- **ASSIGNED TASK**:
Keep to one stretch of the data below, the lines from the one with "Hailey Baldwin's Black" up to and including the one with "T-shirt noir avec", and return that stretch exactly.

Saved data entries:
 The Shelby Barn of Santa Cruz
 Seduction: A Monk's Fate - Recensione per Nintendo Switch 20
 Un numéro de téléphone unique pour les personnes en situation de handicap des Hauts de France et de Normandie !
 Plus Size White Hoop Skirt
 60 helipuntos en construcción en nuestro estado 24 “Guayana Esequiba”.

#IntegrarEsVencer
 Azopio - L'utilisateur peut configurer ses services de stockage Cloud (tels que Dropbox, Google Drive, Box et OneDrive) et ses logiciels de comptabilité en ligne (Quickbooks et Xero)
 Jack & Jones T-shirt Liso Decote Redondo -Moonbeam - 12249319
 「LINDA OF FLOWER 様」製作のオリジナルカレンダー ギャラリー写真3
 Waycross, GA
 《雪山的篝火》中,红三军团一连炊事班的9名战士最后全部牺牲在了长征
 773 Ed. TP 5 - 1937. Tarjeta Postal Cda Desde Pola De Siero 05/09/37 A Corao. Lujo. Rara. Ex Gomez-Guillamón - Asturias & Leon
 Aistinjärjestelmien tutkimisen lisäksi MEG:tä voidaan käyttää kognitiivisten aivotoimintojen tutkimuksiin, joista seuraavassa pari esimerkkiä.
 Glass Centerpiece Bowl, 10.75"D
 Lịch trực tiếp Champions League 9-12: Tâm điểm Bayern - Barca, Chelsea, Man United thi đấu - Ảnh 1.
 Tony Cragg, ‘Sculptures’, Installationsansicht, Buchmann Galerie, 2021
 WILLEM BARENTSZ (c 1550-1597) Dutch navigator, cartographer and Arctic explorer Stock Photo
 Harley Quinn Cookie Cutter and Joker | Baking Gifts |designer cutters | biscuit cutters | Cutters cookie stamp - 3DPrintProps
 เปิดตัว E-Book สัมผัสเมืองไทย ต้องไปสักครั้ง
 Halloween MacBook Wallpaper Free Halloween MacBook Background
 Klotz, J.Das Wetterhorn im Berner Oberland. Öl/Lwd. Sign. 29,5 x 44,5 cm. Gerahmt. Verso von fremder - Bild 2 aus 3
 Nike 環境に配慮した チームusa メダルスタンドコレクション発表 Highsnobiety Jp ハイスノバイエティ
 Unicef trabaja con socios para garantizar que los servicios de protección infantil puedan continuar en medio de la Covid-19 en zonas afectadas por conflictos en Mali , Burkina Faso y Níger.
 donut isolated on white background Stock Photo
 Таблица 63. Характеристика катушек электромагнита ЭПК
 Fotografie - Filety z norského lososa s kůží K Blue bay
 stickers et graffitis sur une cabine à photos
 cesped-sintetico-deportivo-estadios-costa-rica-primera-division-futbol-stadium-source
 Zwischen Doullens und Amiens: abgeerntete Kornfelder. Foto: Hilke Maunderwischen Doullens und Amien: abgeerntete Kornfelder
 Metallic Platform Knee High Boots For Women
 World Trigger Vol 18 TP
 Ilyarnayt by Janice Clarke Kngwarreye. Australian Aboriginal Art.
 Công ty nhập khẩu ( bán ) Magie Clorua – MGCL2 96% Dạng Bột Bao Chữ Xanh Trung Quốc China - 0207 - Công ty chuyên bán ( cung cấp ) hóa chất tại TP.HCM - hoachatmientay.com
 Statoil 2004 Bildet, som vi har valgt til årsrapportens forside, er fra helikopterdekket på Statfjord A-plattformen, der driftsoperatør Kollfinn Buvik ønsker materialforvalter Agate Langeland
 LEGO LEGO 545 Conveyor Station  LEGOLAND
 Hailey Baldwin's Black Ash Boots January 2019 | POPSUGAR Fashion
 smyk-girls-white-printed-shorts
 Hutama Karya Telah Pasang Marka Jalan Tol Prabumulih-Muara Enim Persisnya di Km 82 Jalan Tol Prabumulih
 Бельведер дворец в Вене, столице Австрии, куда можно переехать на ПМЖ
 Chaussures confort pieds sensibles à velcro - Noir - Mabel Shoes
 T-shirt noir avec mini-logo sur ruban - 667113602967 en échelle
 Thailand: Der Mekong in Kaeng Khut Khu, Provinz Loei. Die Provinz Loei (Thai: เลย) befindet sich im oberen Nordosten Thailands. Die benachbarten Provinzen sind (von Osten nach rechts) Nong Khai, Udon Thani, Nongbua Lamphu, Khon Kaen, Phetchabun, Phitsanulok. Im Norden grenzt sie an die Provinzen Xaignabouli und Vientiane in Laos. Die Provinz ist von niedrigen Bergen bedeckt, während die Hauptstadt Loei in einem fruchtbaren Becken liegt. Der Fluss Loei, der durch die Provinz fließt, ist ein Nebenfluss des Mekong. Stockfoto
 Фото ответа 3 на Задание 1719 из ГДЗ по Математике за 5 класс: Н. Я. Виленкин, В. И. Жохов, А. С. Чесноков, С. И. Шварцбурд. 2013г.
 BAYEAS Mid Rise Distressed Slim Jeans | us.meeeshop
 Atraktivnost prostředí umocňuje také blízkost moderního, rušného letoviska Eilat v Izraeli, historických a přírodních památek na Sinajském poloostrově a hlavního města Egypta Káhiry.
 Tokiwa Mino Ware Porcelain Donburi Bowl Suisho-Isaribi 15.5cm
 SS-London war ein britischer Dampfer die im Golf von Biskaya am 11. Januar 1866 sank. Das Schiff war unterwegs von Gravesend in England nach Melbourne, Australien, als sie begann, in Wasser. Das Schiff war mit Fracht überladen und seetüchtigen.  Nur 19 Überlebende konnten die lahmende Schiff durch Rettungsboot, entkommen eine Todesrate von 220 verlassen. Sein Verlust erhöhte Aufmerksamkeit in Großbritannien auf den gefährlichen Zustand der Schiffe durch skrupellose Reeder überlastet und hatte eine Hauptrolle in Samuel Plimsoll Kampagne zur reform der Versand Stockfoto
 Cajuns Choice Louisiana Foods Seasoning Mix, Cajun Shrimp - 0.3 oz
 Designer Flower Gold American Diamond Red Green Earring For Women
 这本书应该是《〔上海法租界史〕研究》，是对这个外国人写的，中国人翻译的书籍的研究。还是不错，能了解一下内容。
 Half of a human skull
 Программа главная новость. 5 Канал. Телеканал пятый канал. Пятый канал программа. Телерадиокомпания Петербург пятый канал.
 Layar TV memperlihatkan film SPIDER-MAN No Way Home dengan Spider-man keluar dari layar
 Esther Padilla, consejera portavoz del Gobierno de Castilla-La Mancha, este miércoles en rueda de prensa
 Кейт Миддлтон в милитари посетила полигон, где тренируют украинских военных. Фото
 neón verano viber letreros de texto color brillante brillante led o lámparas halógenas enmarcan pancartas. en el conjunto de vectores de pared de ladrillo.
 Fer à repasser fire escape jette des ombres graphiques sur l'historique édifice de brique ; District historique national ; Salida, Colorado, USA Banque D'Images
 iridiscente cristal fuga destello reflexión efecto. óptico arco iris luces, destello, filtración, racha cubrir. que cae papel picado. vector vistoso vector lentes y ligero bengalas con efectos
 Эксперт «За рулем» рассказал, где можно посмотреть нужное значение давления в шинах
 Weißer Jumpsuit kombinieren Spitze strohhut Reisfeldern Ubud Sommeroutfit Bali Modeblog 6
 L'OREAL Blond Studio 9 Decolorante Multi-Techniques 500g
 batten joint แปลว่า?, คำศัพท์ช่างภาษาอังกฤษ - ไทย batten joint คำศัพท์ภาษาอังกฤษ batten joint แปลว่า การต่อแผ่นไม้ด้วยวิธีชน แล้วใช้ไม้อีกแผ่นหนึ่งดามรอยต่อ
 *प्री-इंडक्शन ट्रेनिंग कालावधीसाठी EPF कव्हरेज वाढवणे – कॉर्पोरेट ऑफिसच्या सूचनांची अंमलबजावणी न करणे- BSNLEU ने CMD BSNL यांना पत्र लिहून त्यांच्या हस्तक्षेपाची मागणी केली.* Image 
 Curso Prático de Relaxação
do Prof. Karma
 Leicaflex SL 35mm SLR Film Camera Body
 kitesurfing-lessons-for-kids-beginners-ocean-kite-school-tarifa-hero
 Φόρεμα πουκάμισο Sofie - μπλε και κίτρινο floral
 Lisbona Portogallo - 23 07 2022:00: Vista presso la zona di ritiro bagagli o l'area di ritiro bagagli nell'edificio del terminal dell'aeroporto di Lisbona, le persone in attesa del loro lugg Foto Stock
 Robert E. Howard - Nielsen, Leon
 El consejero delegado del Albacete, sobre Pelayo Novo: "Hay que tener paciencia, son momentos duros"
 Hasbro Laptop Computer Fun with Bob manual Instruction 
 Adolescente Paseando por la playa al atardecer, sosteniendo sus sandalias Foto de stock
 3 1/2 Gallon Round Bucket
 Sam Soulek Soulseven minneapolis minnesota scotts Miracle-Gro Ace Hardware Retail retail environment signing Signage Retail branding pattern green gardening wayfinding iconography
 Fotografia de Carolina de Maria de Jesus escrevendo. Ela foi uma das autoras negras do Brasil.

- **EXERCISE RESULT**:
 Hailey Baldwin's Black Ash Boots January 2019 | POPSUGAR Fashion
 smyk-girls-white-printed-shorts
 Hutama Karya Telah Pasang Marka Jalan Tol Prabumulih-Muara Enim Persisnya di Km 82 Jalan Tol Prabumulih
 Бельведер дворец в Вене, столице Австрии, куда можно переехать на ПМЖ
 Chaussures confort pieds sensibles à velcro - Noir - Mabel Shoes
 T-shirt noir avec mini-logo sur ruban - 667113602967 en échelle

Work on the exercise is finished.